Negotiating with Museums
The Indian team are looking for more fossils which were presumed lost and to simply help to resolve a puzzle which involves the Natural History Museum in London. Numerous British expeditions explored the fossil beds of the Lameta Formation in the first part of the 20th Century. Many specimens were subsequently taken from India to the then British Museum (now the Natural History Museum), in London. As part of an ongoing international research programme to map India’s vertebrate fossils, scientists are hoping to be able to identify Indian dinosaurs amongst the collection at the Natural History Museum.
The Geological Survey of India team are optimistic that any dinosaur specimens that they are able to trace to the Natural History Museum collection is likely to be returned to India for further study and to be united with other Indian dinosaur specimens. Just like the fossil found by Lieutenant-Colonel W. H. Sleeman, 100 and eight four years back, several fossils are holotypes and the sole known fossil evidence for several dinosaur species that be seemingly unique to the sub-continent.
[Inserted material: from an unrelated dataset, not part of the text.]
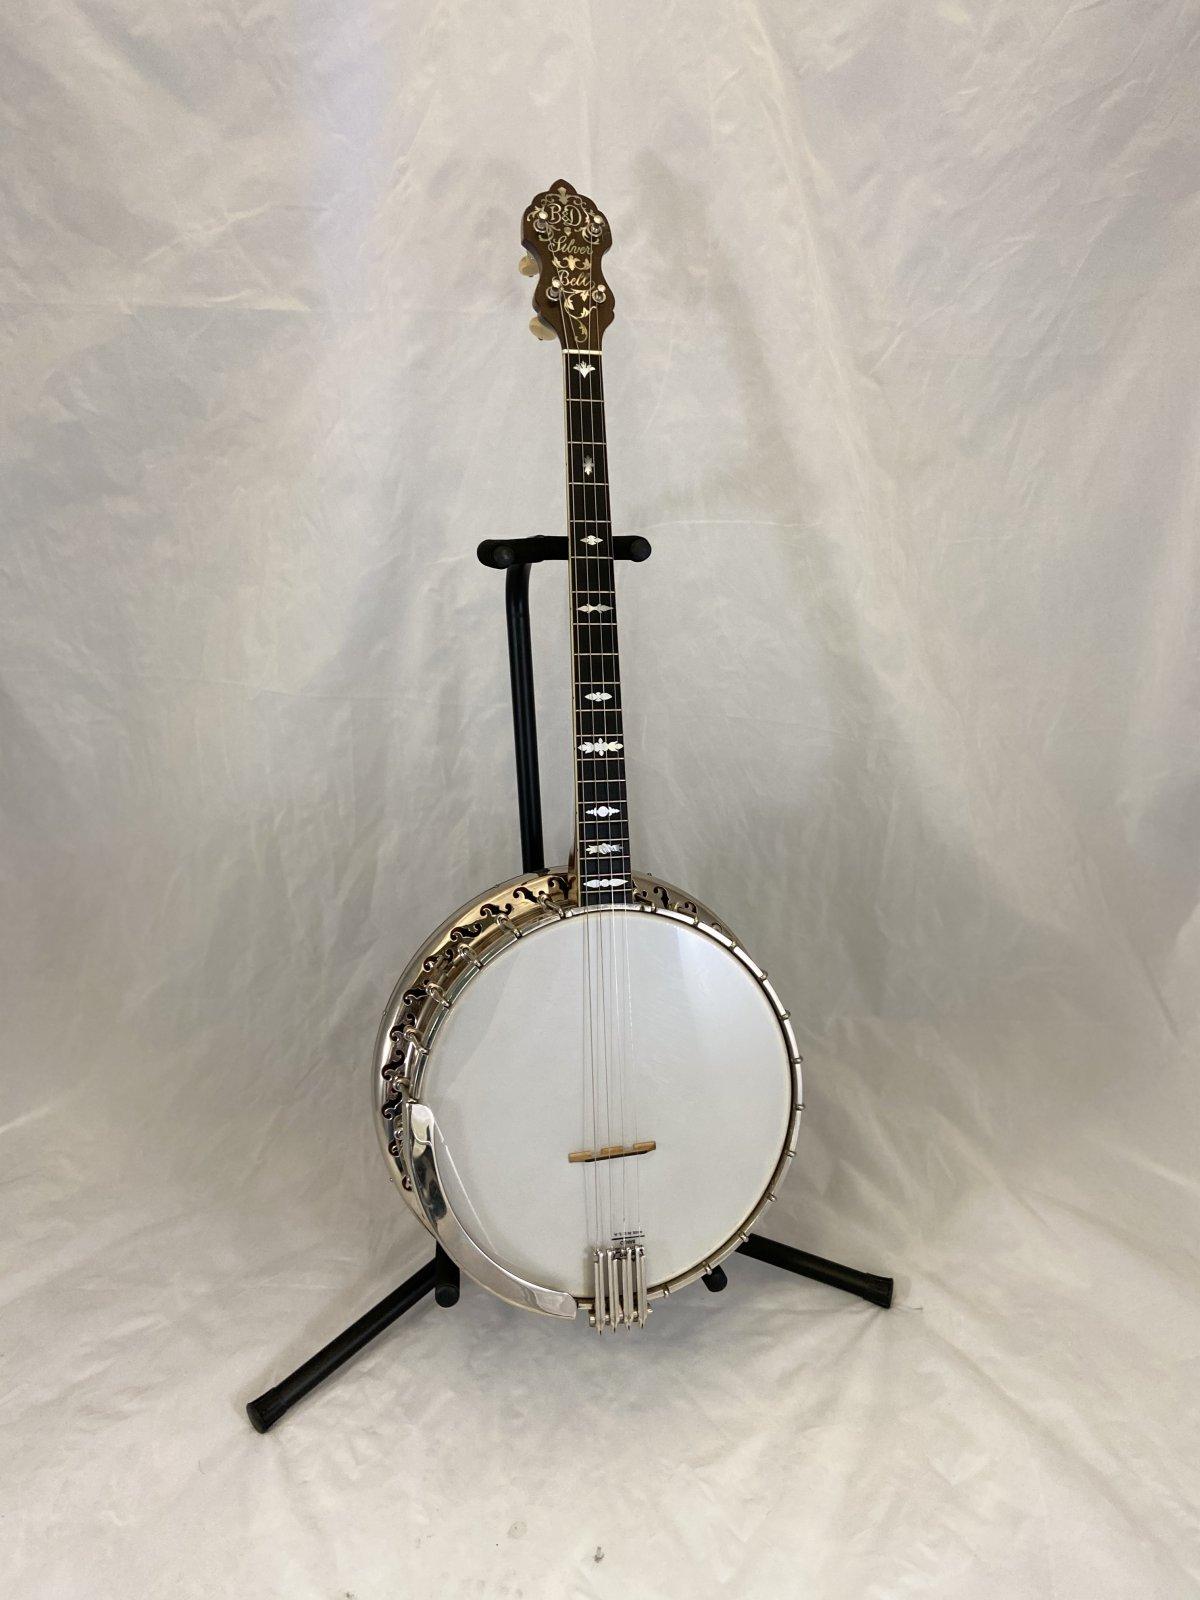 Preowned Bacon & Day 1927 Silver Bell No. 1 Tenor Banjo w/Case
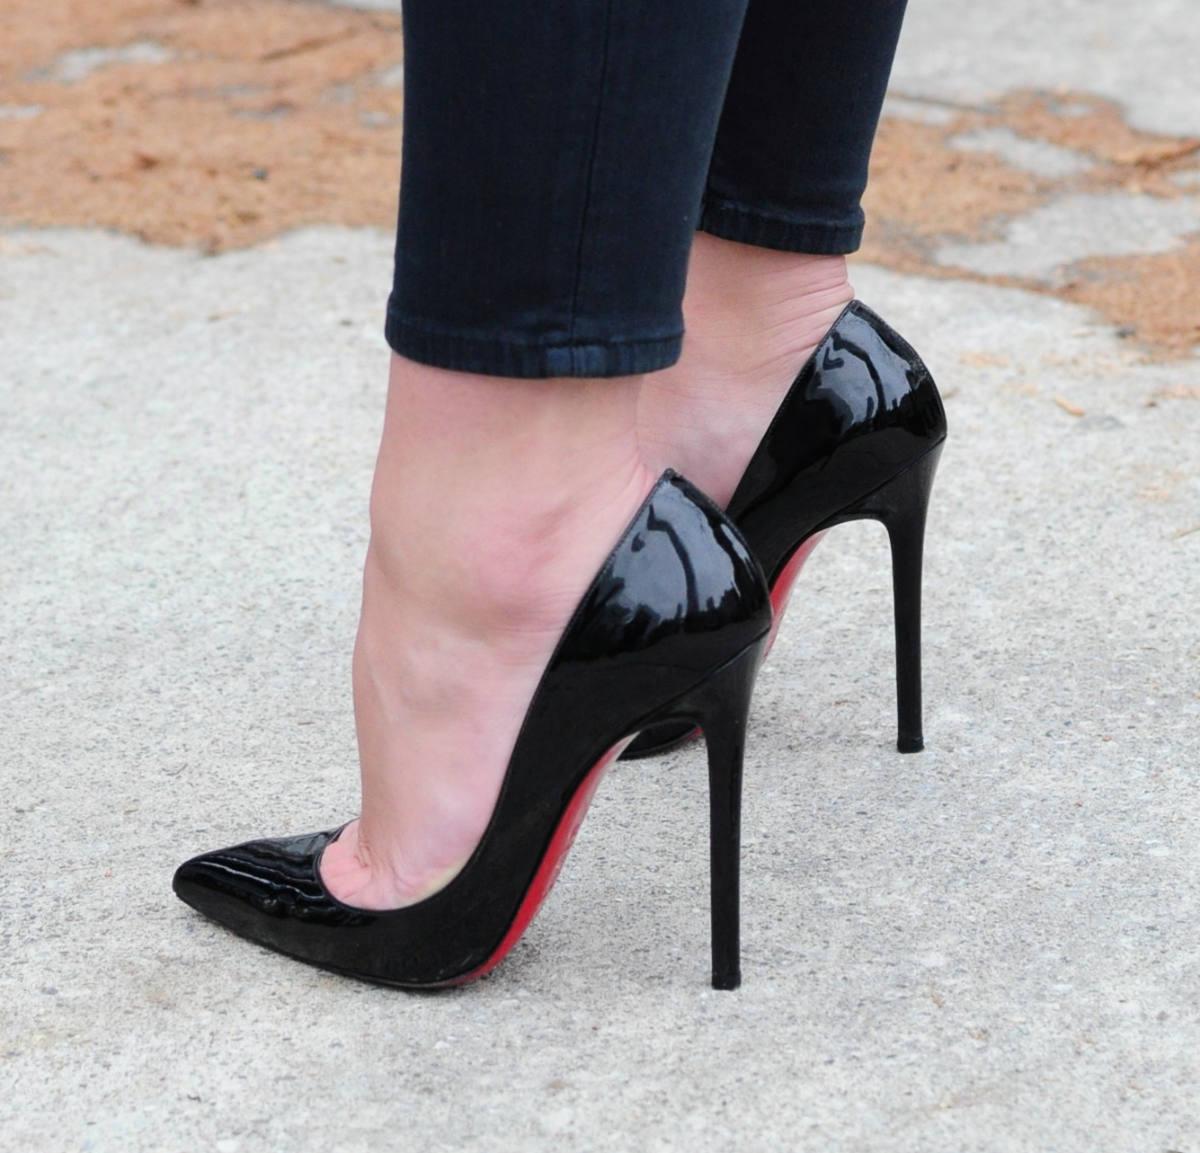 Woman wearing black patent stiletto heels   What are stilettos heels by ShoeTease.

The caudal vertebra, now back in the catalogued collection of the Indian survey team represents the very first Titanosaur fossil to be scientifically studied and as such it’s regarded as a vital specimen for the global research into the evolutionary history of the Sauropod dinosaurs.
Perhaps more to the point, since the Indian economy strengthens and the country emerges as a global super-power there is a powerful demand for improved educational resources and an emphasis on India’s place and role in the scientific community. It is likely that Indian museums will step-up their efforts to possess important artifacts such as for instance dinosaur fossils returned with their country as fascination with dinosaurs and other prehistoric animals grows.